● **Stored data**:
# # # # #

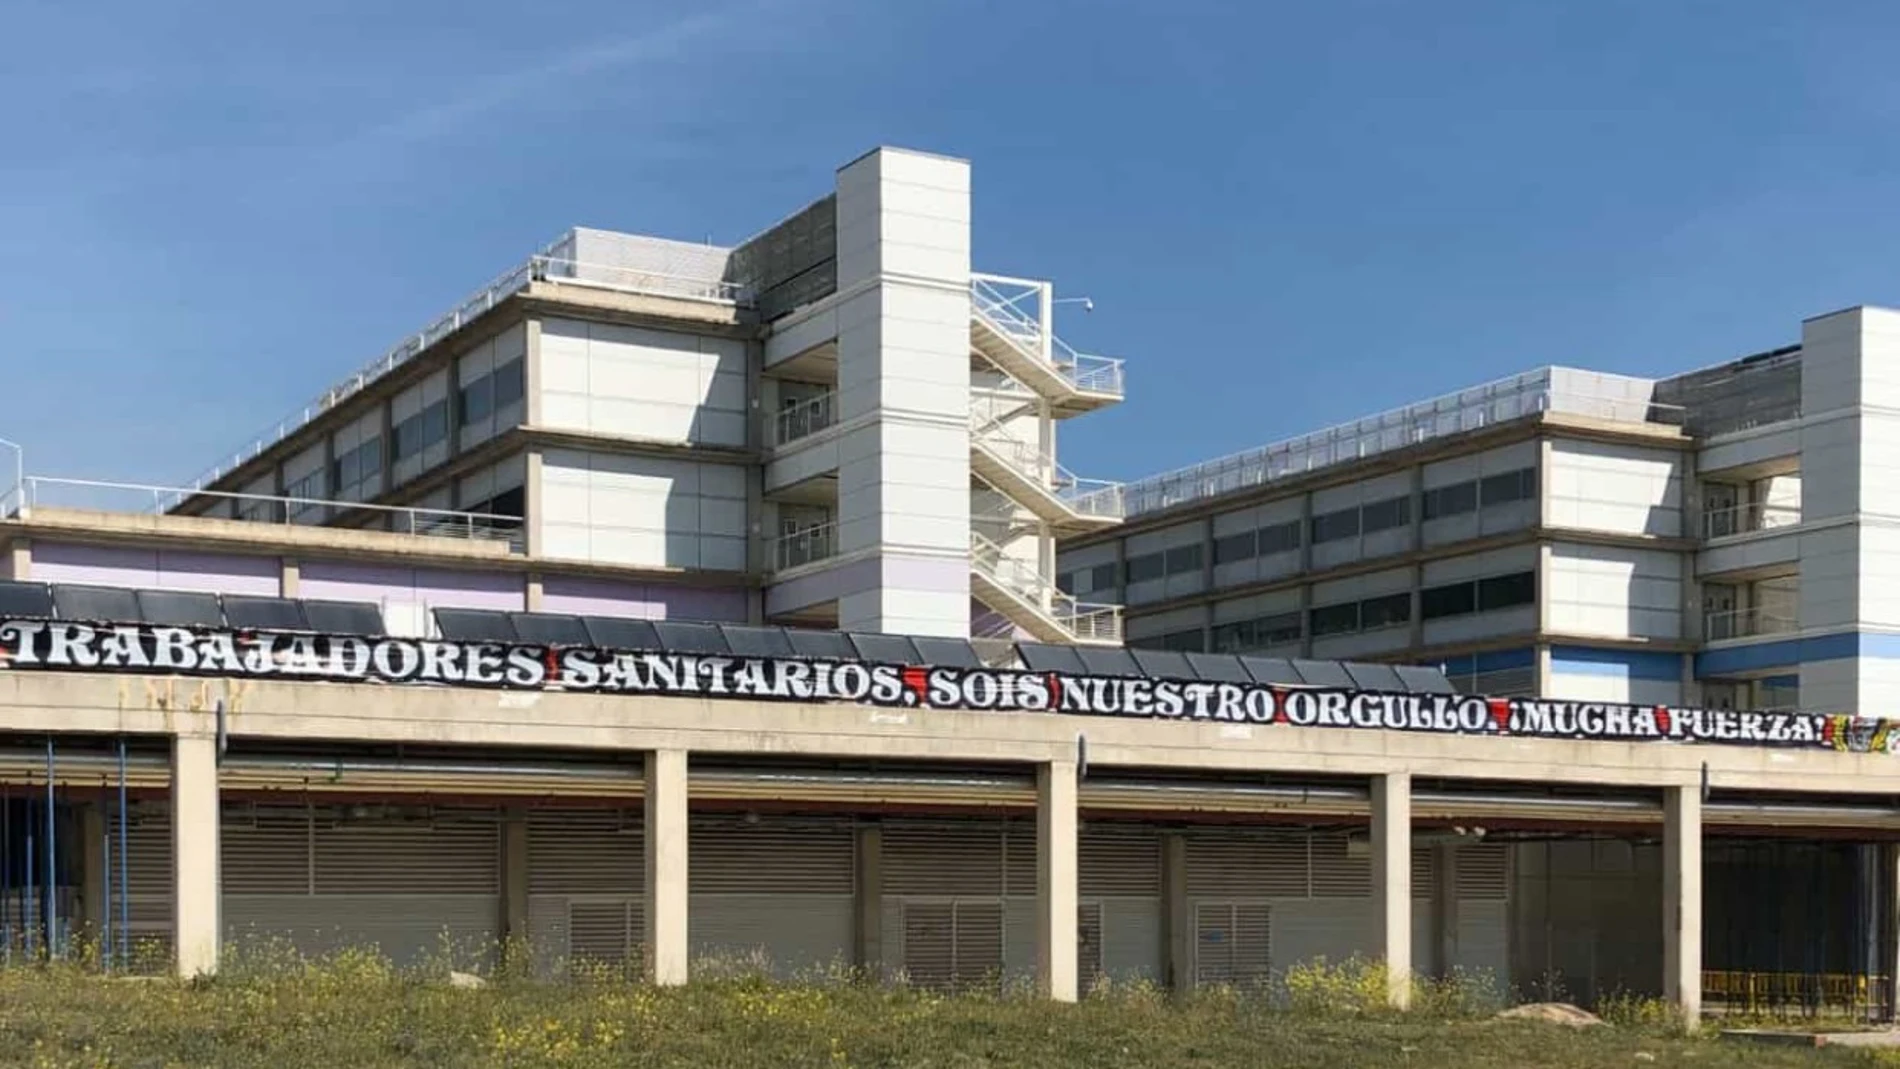 Hospital Infanta Leonor de Vallecas
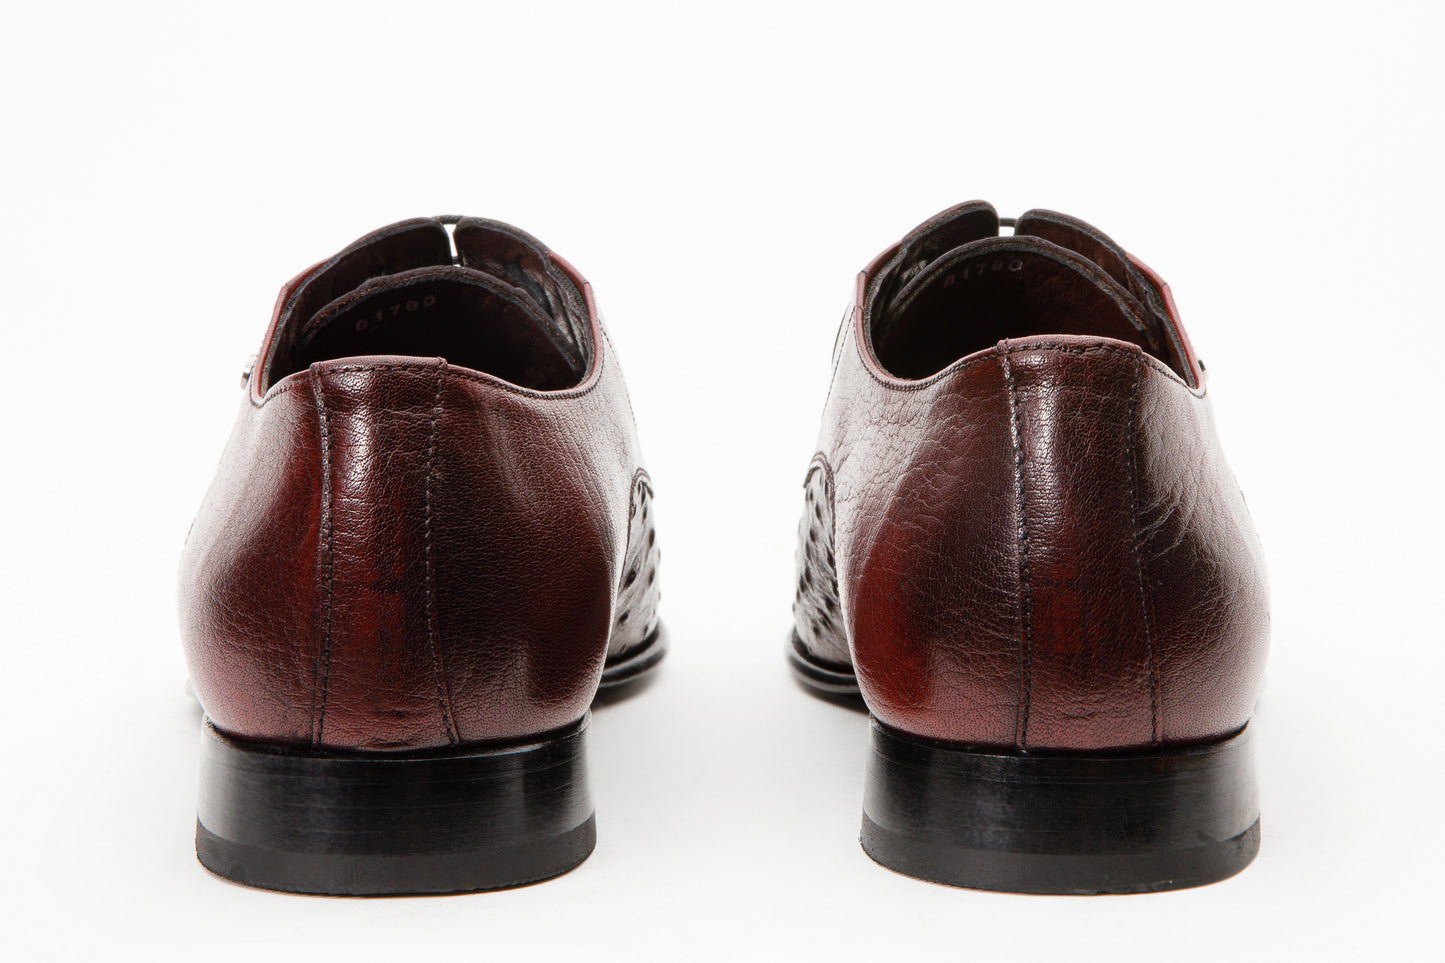 The Porto Alegre Burgundy Leather Derby Men Shoe
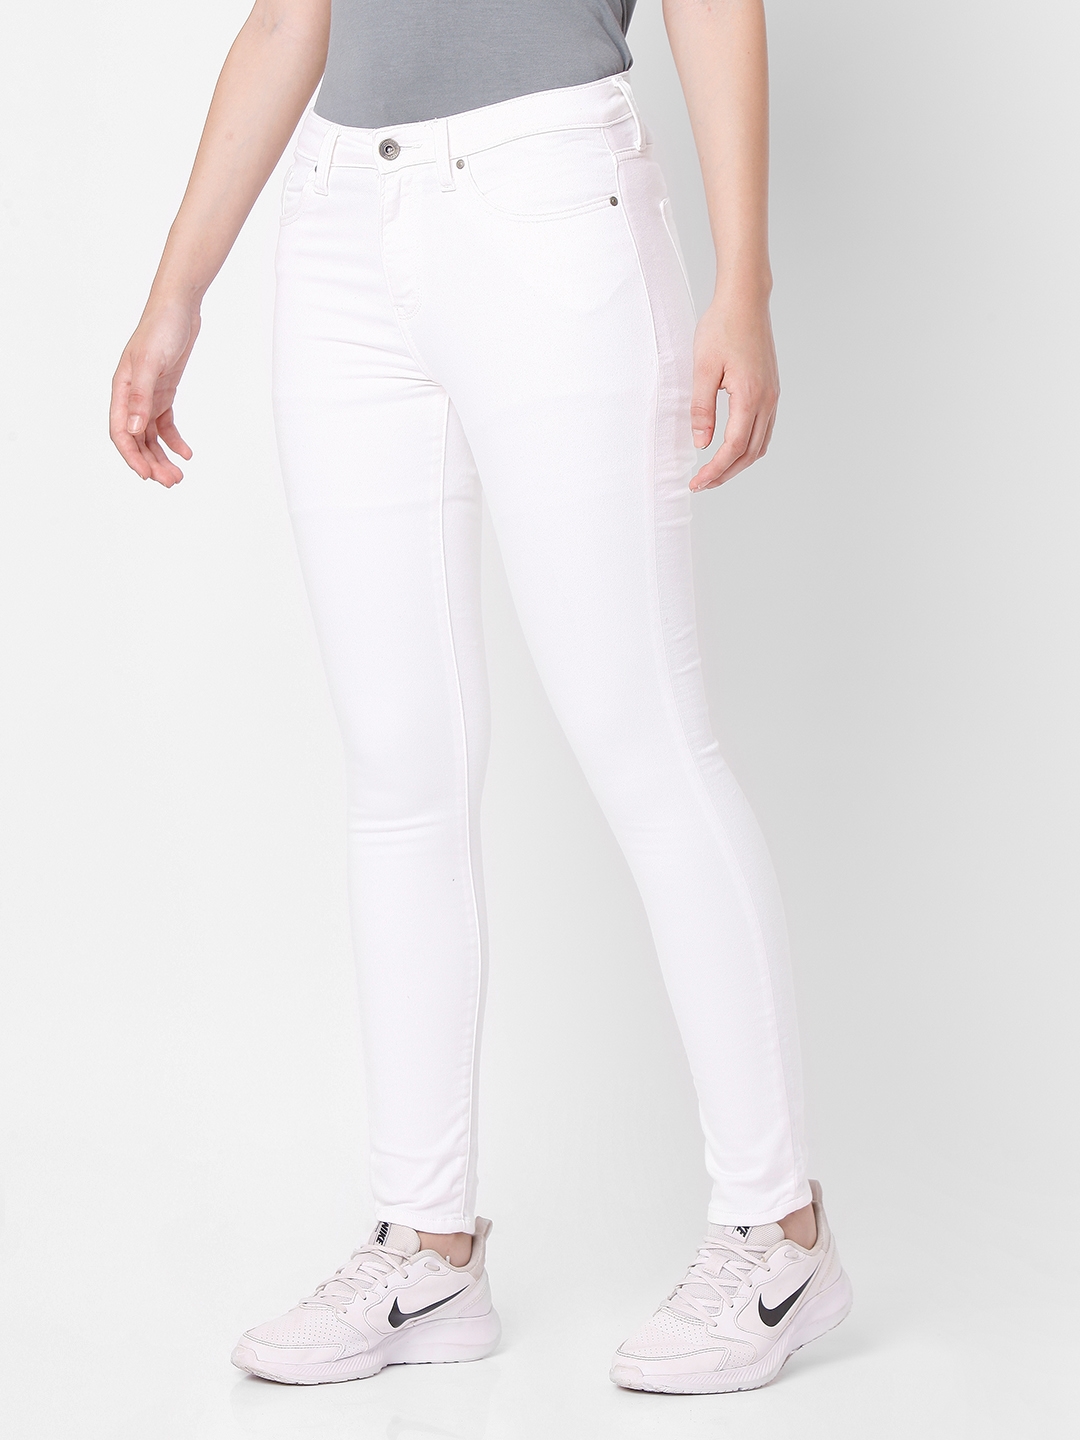 spykar | Women's White Cotton Solid Skinny Jeans 1

# # # # #

● **Prompt**: Your answer must be only the lines from the one that holds "The Porto Alegre" to the end of the listing, each restated word for word, with both ends kept and pictures left out.

● **Your solution**:
 The Porto Alegre Burgundy Leather Derby Men Shoe
 spykar | Women's White Cotton Solid Skinny Jeans 1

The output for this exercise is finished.